En efecto, desde hace mucho tiempo son los niños quienes descubren las cuevas, quienes han visto aparecer fenómenos en Occidente, sea la Virgen, las brujas o los extraterrestres. El mundo siempre comienza a mostrarse ante la mirada de los niños como ilusión de mundo. Y también en algunos mayores existe una conexión con cierta debilidad o crisis que les hace superiores. Paulo de Tarso pasa a la historia como San Pablo porque también él sufrió en el camino de Damasco una ausencia prolongada que cambió su impresión de la realidad, que modificó para siempre su percepción de las cosas. Todo fenómeno aparece siempre en el borde, en un momento de interrupción de los mecanismos habituales de la vigilia. Es una anomalía que aparece en las proximidades de lo inaparente, en una interrupción momentánea de la norma que guía la apariencia [2].

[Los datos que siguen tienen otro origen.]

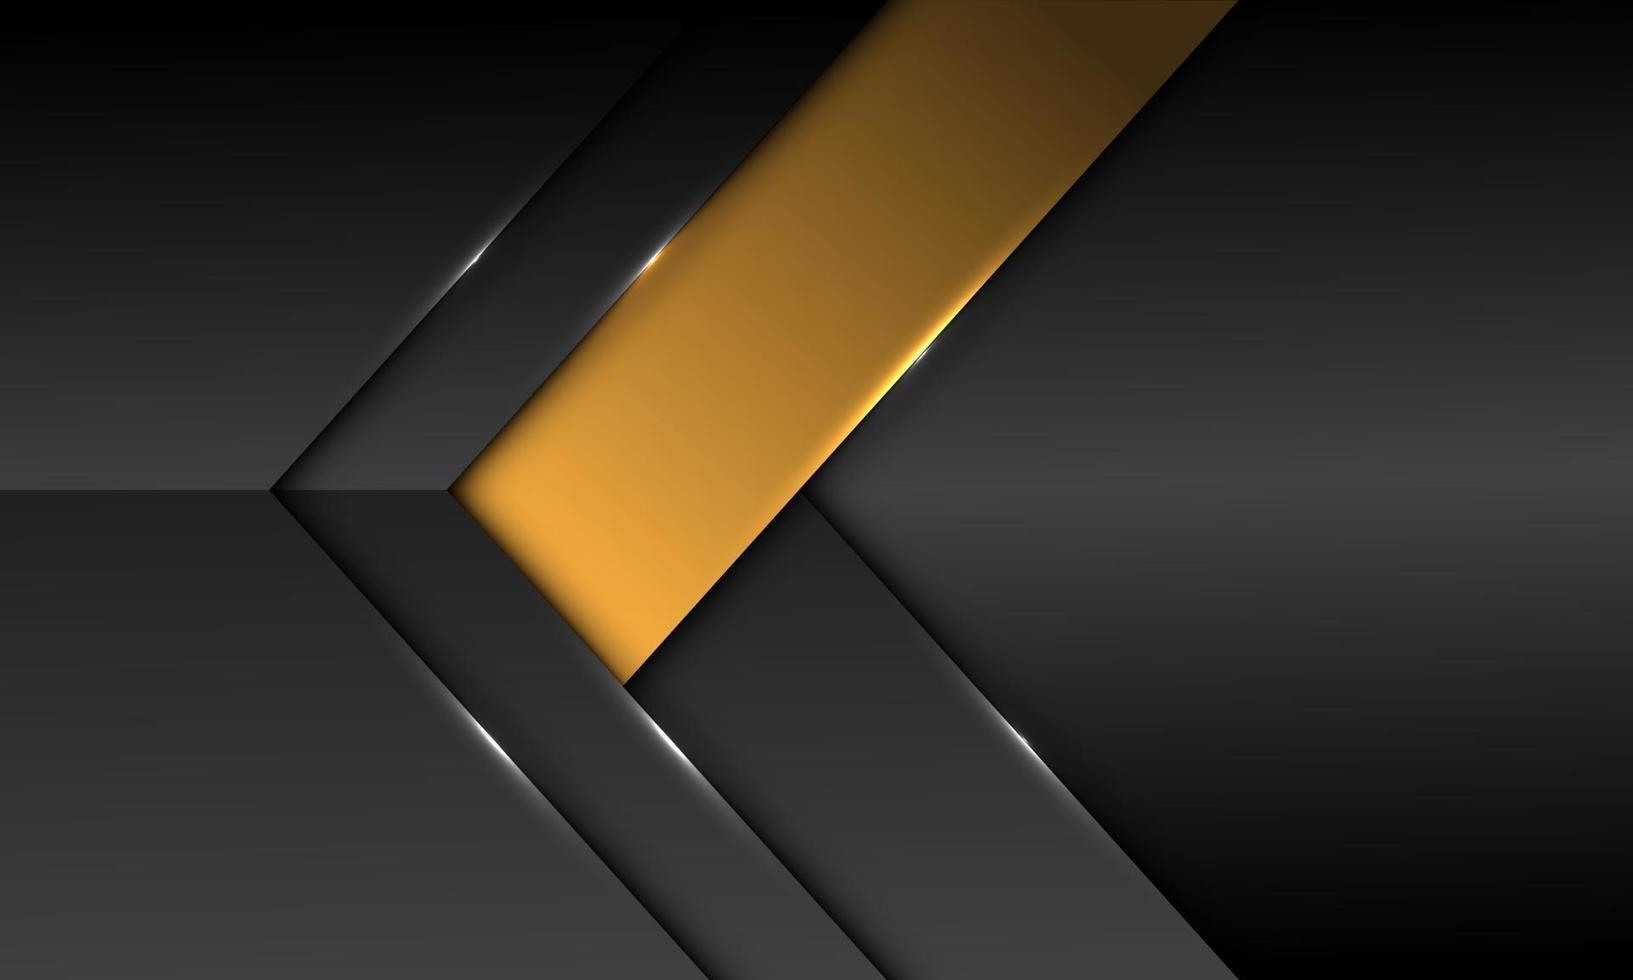 Dirección de flecha de banner amarillo metálico gris oscuro abstracto con diseño de espacio en blanco moderno fondo futurista ilustración vectorial. vector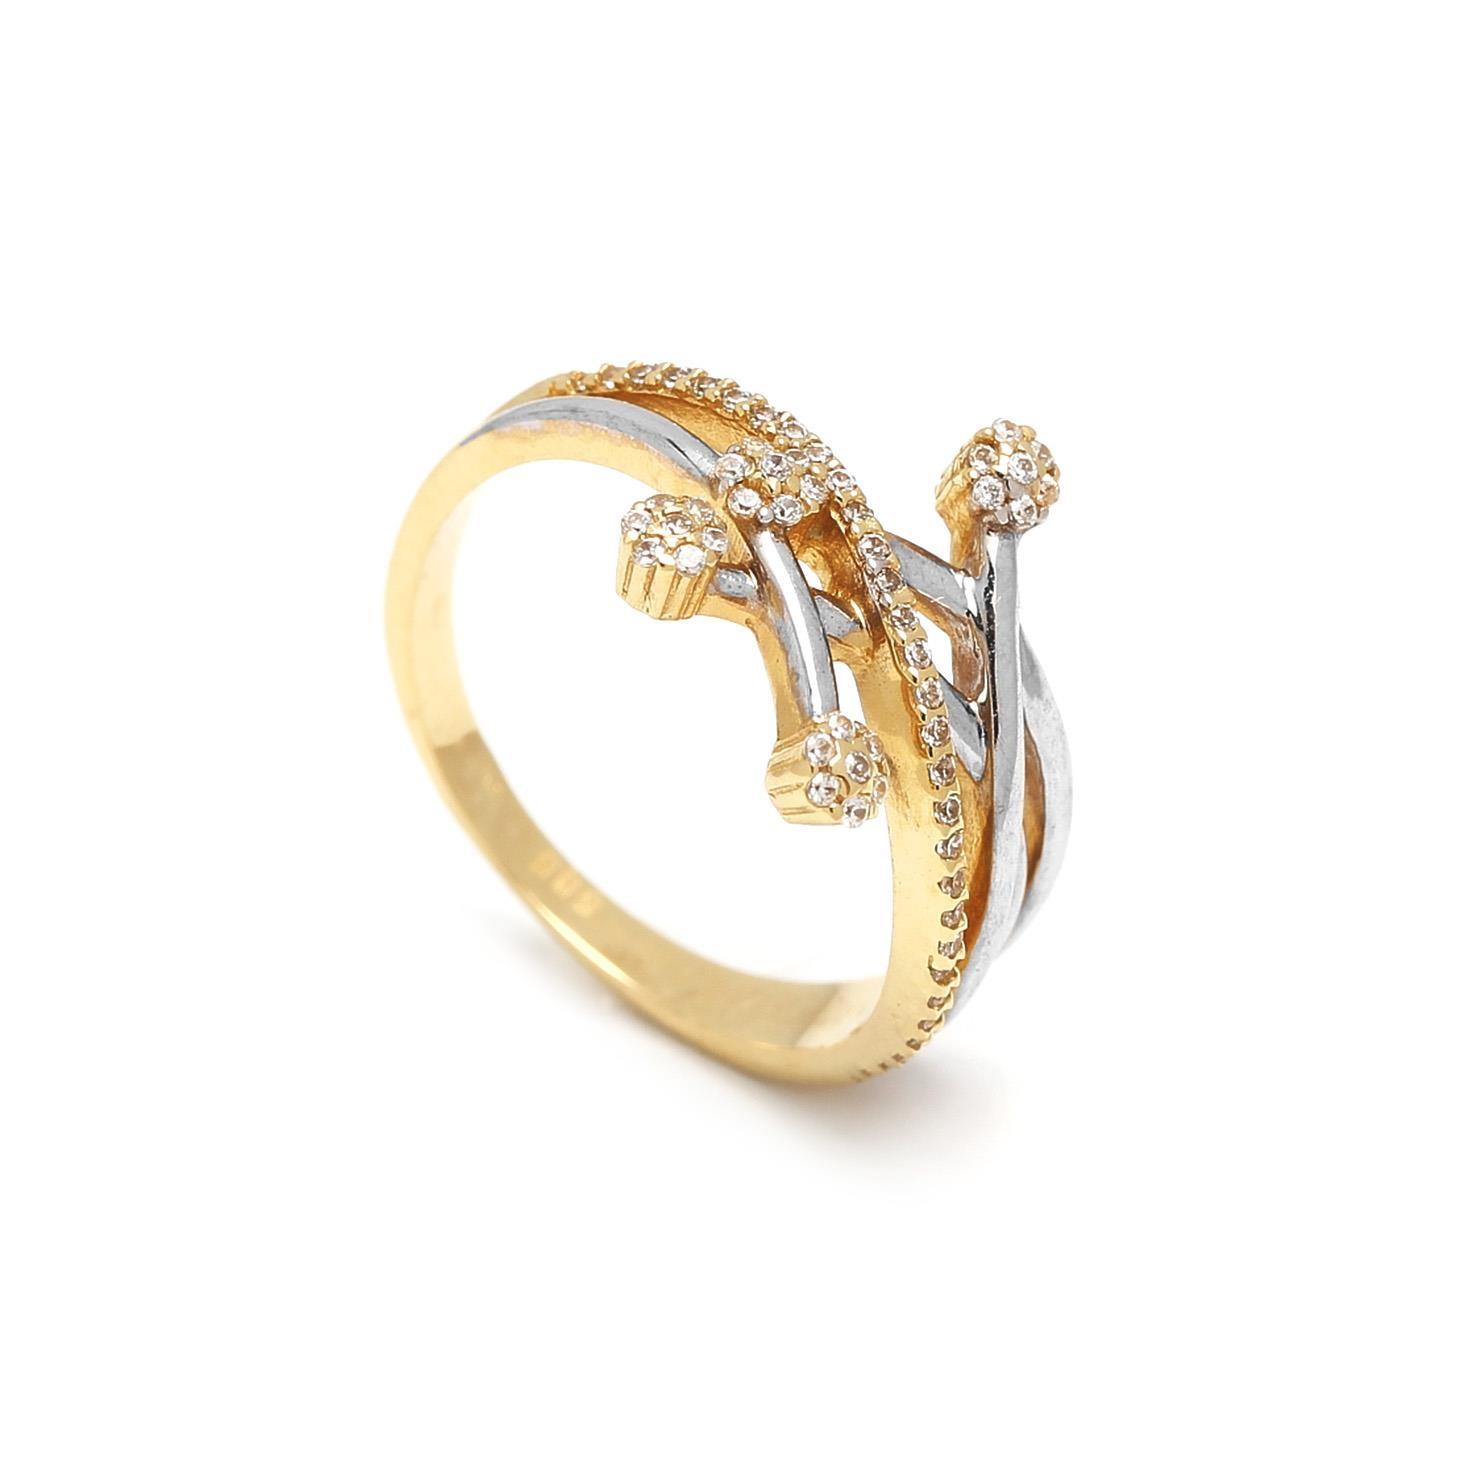 Zlatý dámsky prsteň DEBORA 1PK00005

Algún día habrá que analizar hasta qué punto en toda percepción intensa en el presente está siempre latente una enorme lejanía, la distancia incalculable (recuerdos, visiones, rencores, temores) de lo que no está ni aquí ni ahora. En este sentido, habrá que analizar hasta qué punto la tecnología digital de la telecomunicación es analógica de una complejidad que ya está en cualquier existencia.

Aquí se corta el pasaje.